RECORD SET:
☆ ☆ ☆ ☆

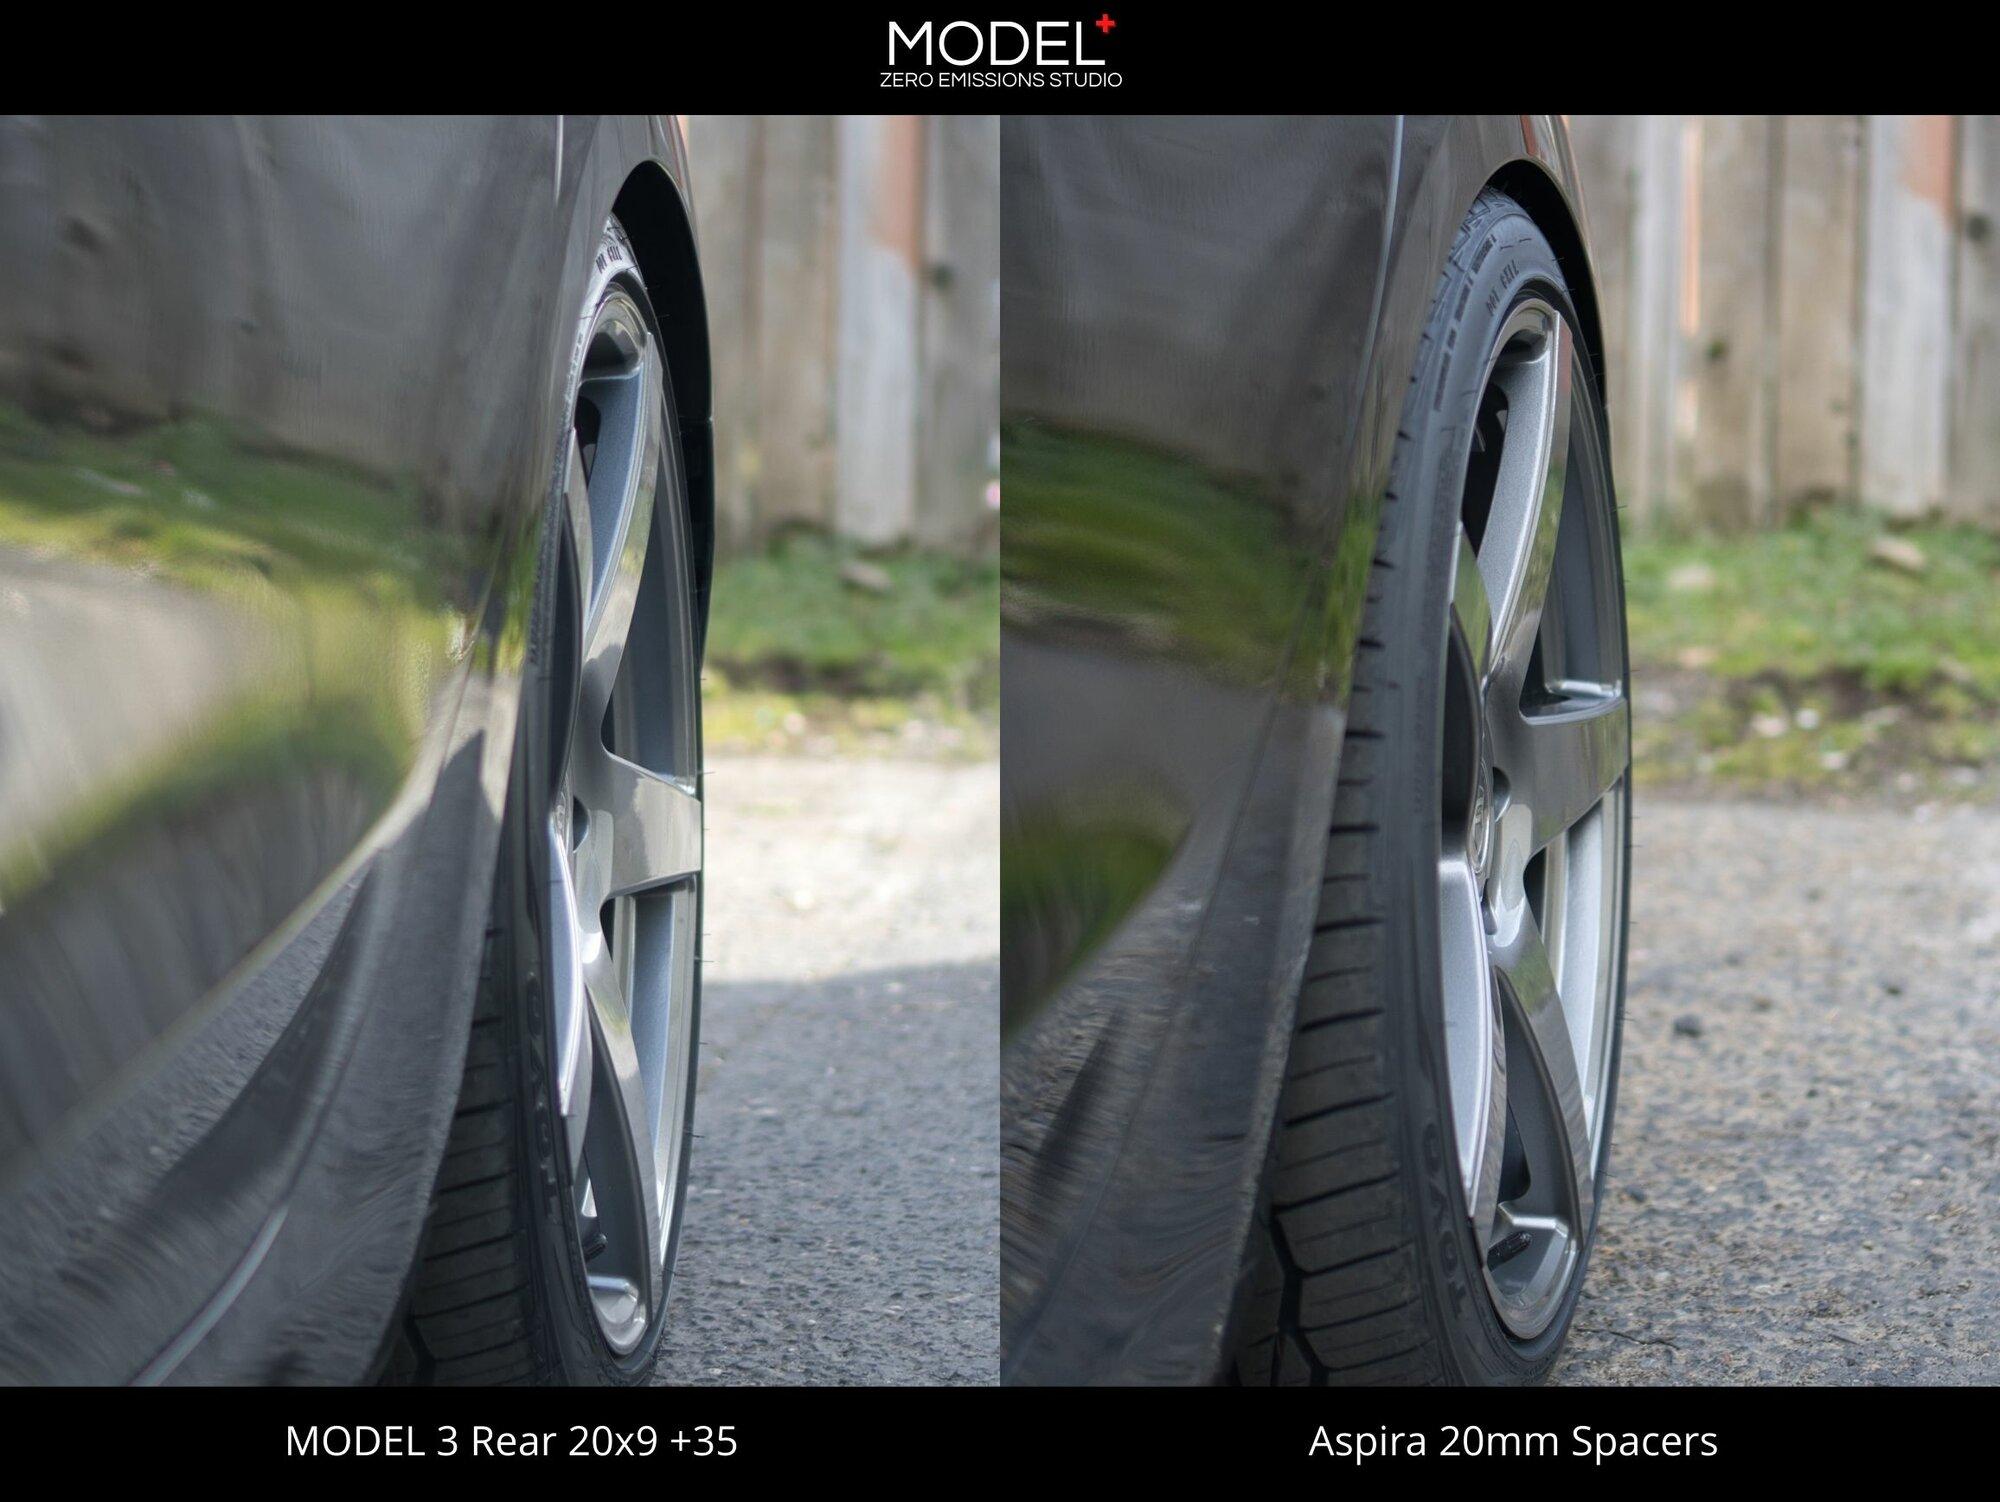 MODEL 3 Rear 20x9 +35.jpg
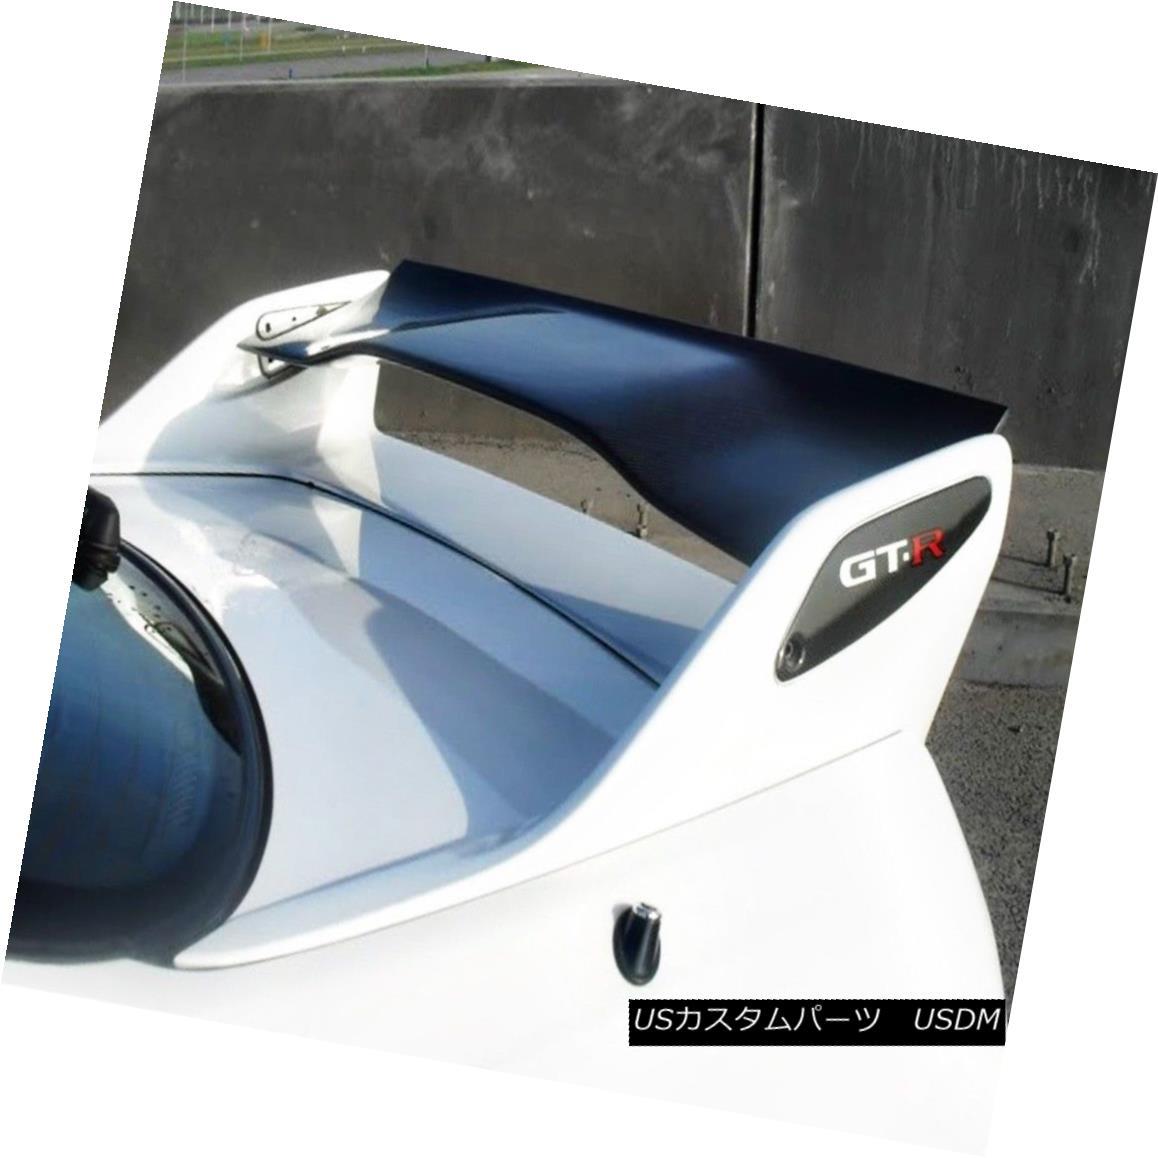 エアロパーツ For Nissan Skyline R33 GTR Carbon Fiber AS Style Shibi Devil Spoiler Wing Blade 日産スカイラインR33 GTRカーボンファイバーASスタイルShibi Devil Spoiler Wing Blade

☆ ☆ ☆ ☆

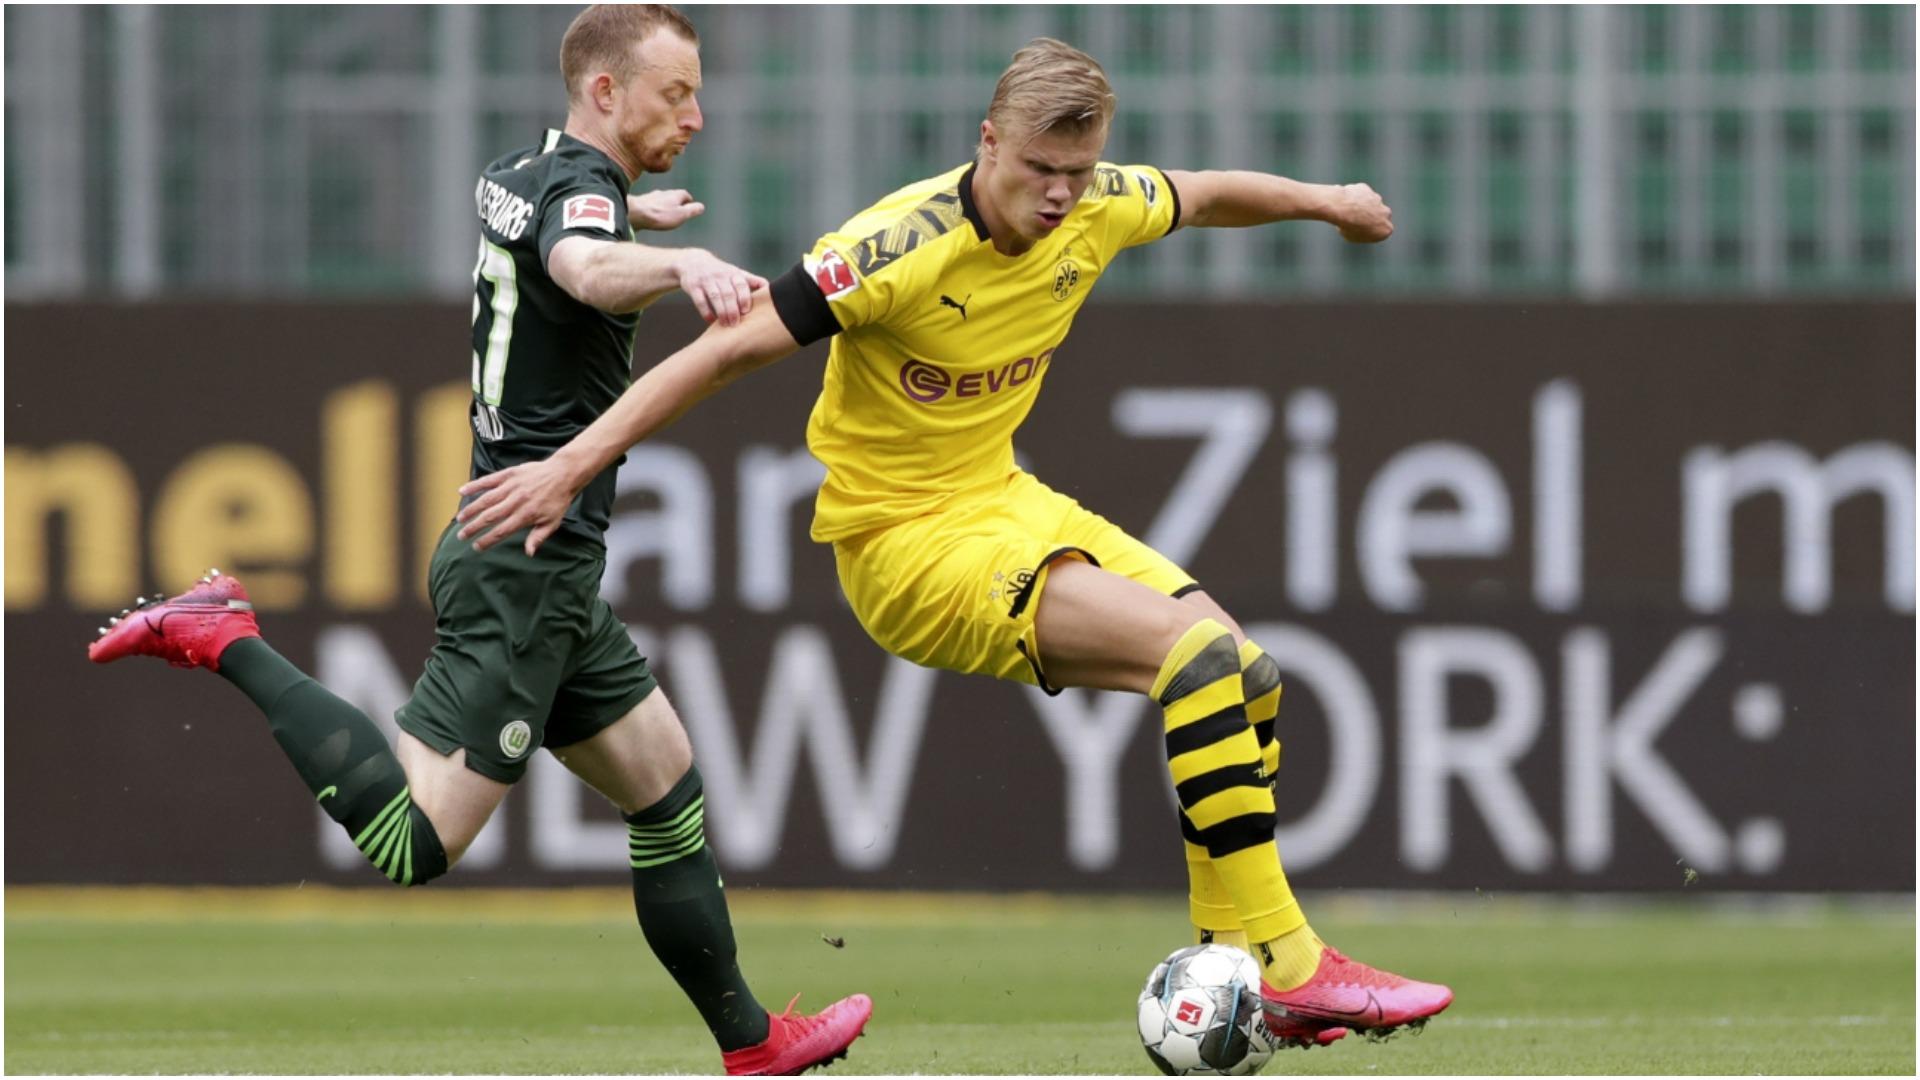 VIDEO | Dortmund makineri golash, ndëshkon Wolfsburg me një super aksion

☆ ☆ ☆ ☆

WORK INSTRUCTIONS: In the material above, which lines fall between the one holding "MODEL 3 Rear 20x9 +35.jpg" and the one holding "エアロパーツ For Nissan", inclusive? Print exactly those, with the pictures left out.

WORKED SOLUTION:
 MODEL 3 Rear 20x9 +35.jpg
 エアロパーツ For Nissan Skyline R33 GTR Carbon Fiber AS Style Shibi Devil Spoiler Wing Blade 日産スカイラインR33 GTRカーボンファイバーASスタイルShibi Devil Spoiler Wing Blade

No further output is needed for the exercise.